Haskell:将 lambda 表达式与绑定函数一起使用时的变量范围
以下行按预期工作,但我有点担心为什么:
getLine >>= \x-> getLine >>= \y-> return [x, y]
考虑添加括号来确定 lambda 表达式的范围:
getLine >>= (\x-> getLine) >>= (\y-> return [x, y])
第二行是错误的,因为在 x 中使用时不在范围内>返回,我对此感到满意。让我担心的是,在第一行中,x 的范围似乎已经“泄漏”了。
这种“泄露”被认为是不好的做法吗?我很困惑它是如何保留在范围内的,并且在 \x -> > 之后没有立即丢失。 getLine 表达式。
The following line works as expected, but I am a little concerned why:
getLine >>= \x-> getLine >>= \y-> return [x, y]
Consider the addition of parenthesis to scope the lambda expressions:
getLine >>= (\x-> getLine) >>= (\y-> return [x, y])

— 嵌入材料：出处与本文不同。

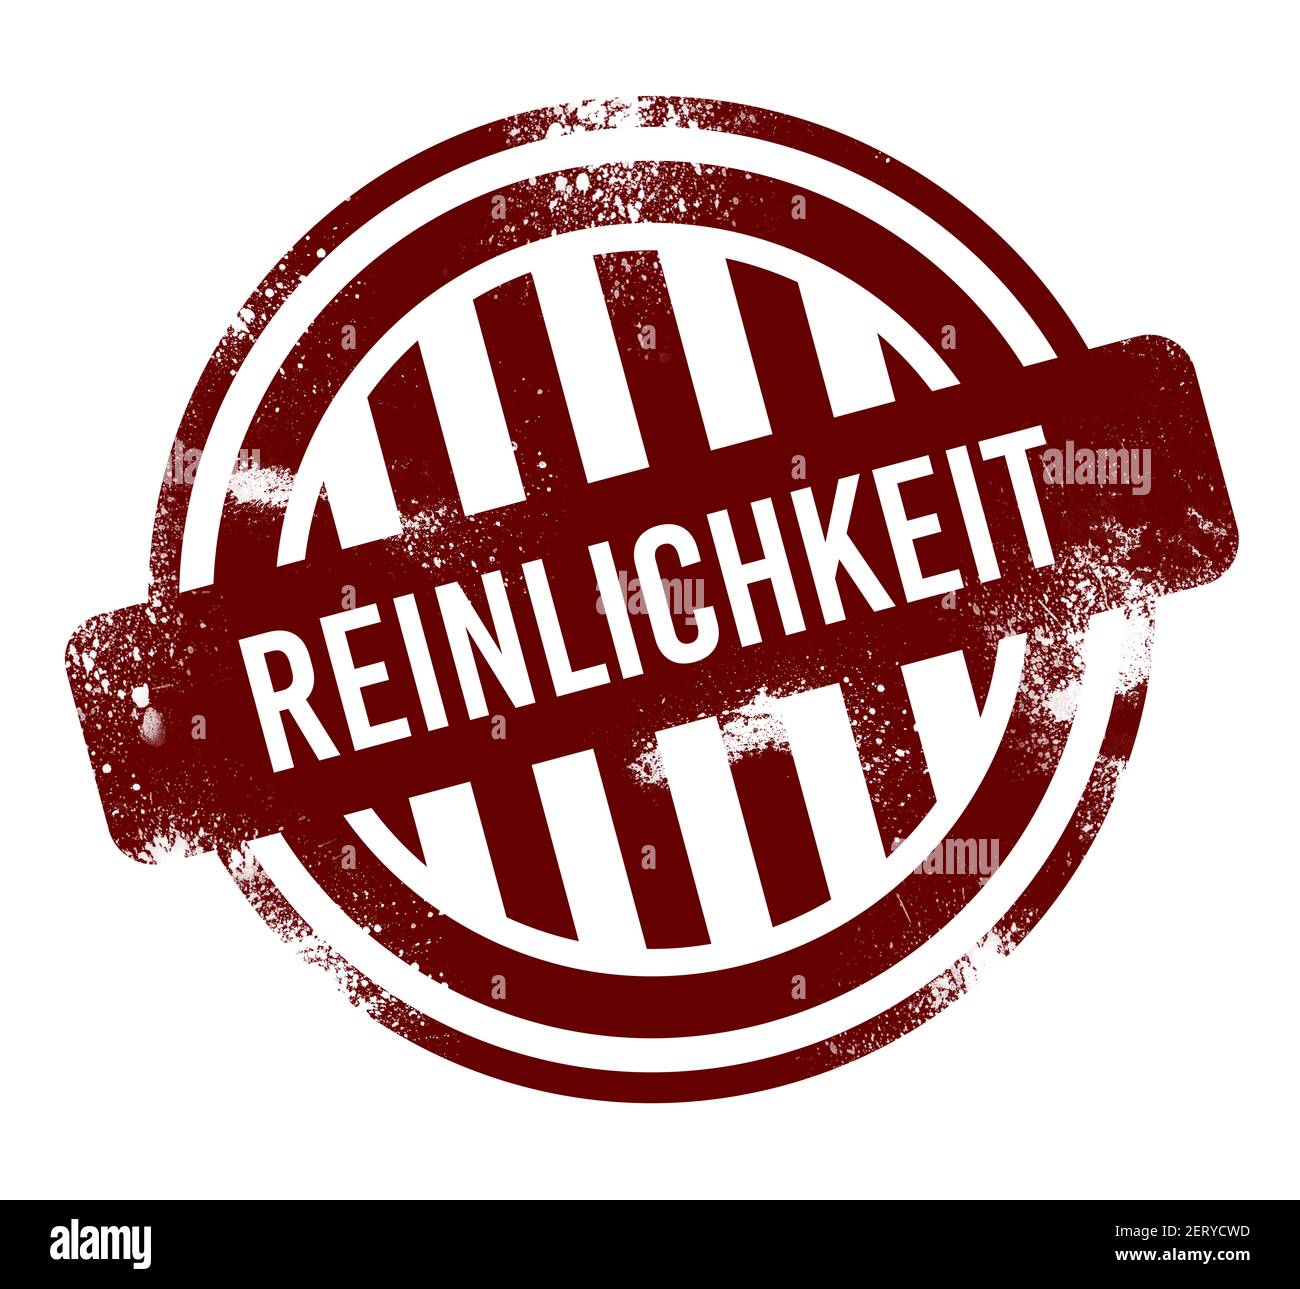 reinlickkeit - bouton rond rouge de grunge, timbre Banque D'Images
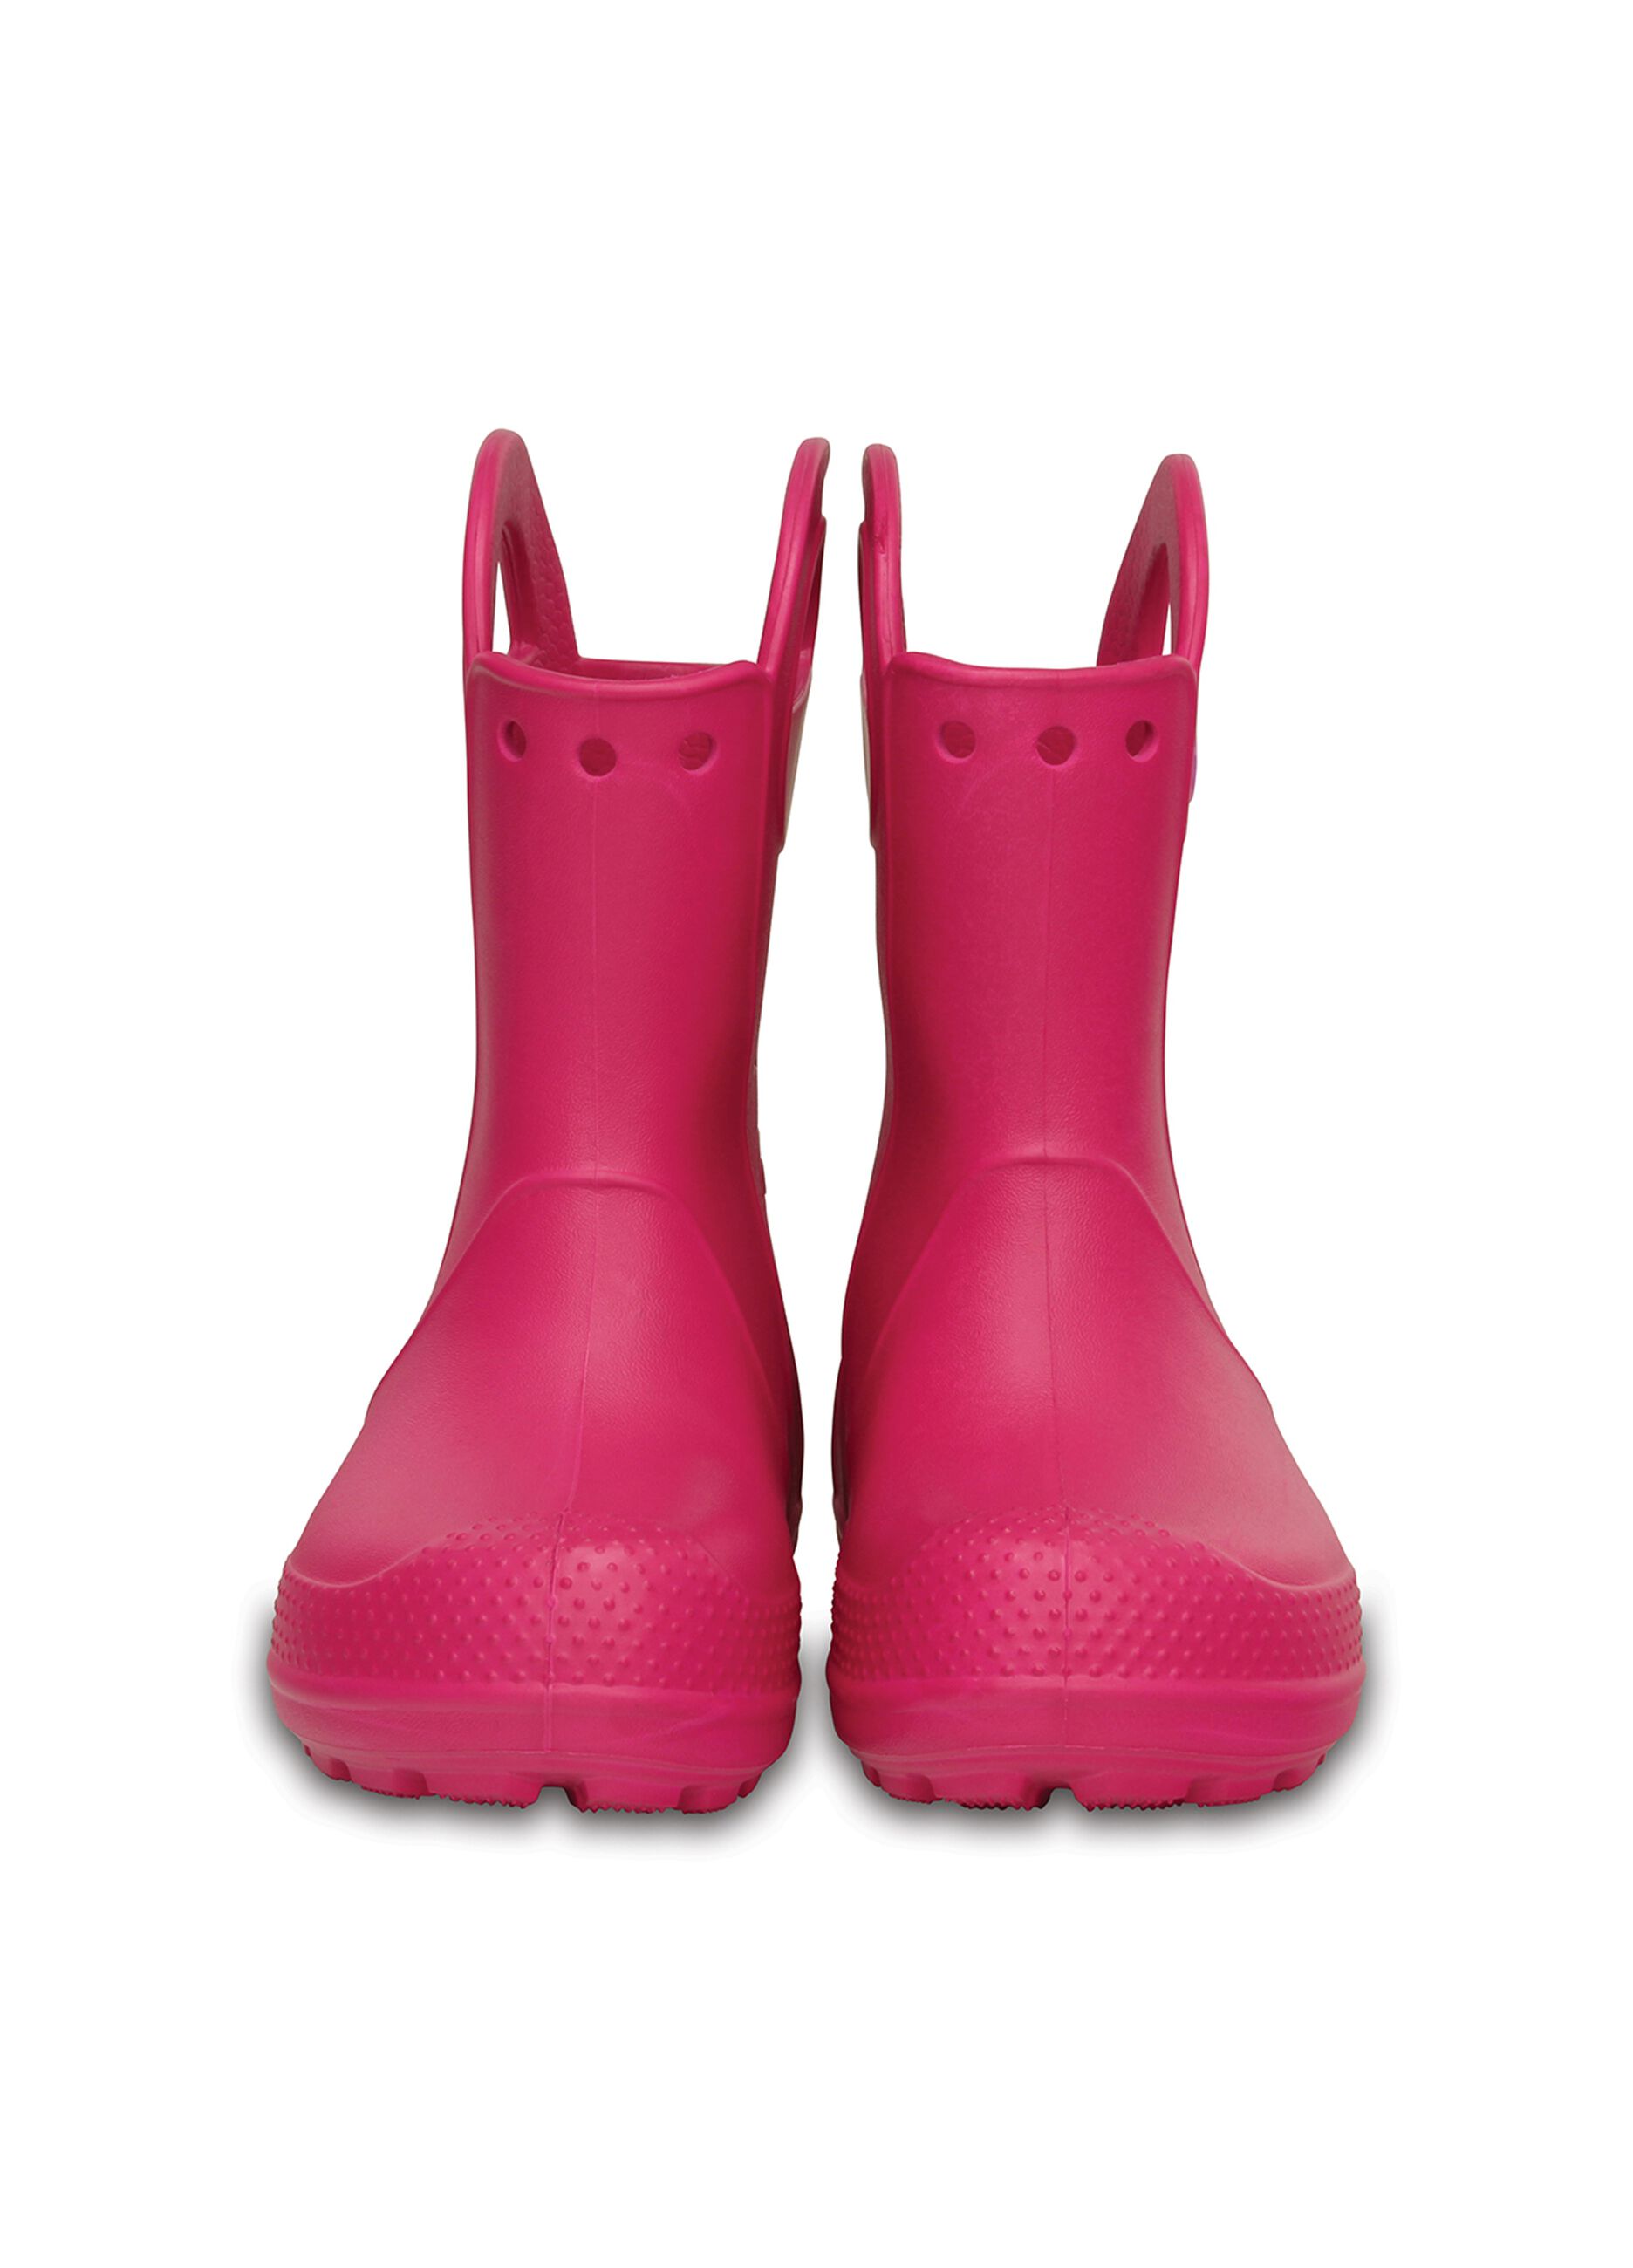 Crocs rain boot

The second line is errorneous because x is not in scope when used in the return, and I am happy with this. What concerns me this that in the first line the scope of x appears to have 'leaked' out.
Is this 'leaking' considered bad practice? I am confused as to how it has remained in scope and not been lost immediately after the \x -> getLine expression.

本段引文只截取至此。